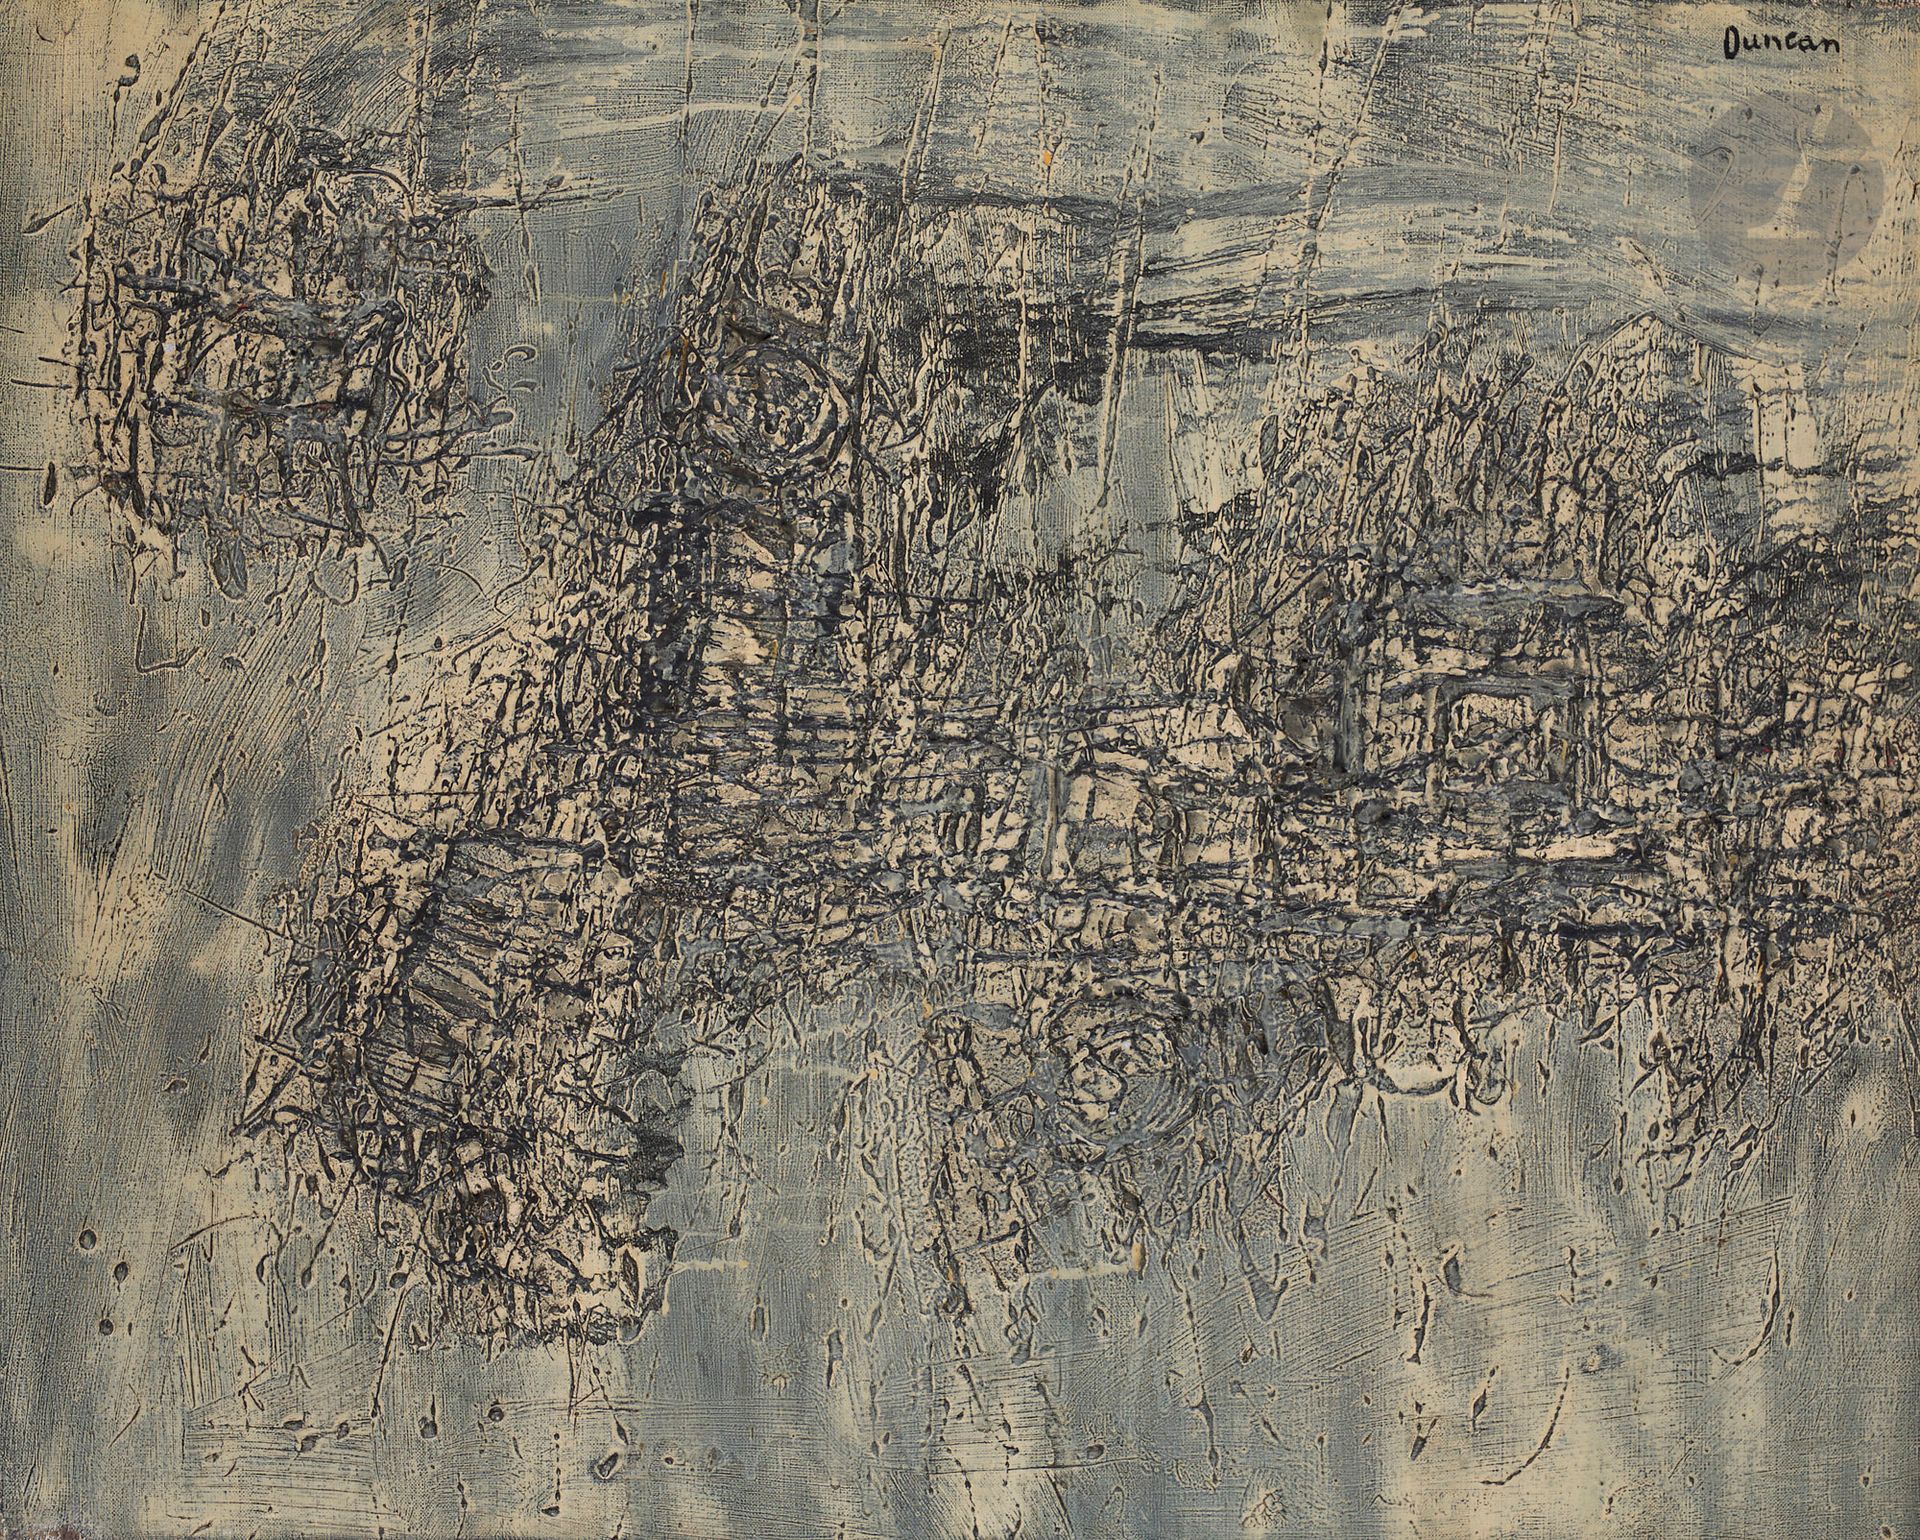 Null Joseph DUNCAN [inglés] (nacido en 1920
)Delimitación, 1961Óleo
sobre lienzo&hellip;

Directions - Copy out the material above in full and exactly; its pictures are not to appear.

Written answer -
 Null Joseph DUNCAN [inglés] (nacido en 1920
)Delimitación, 1961Óleo
sobre lienzo&hellip;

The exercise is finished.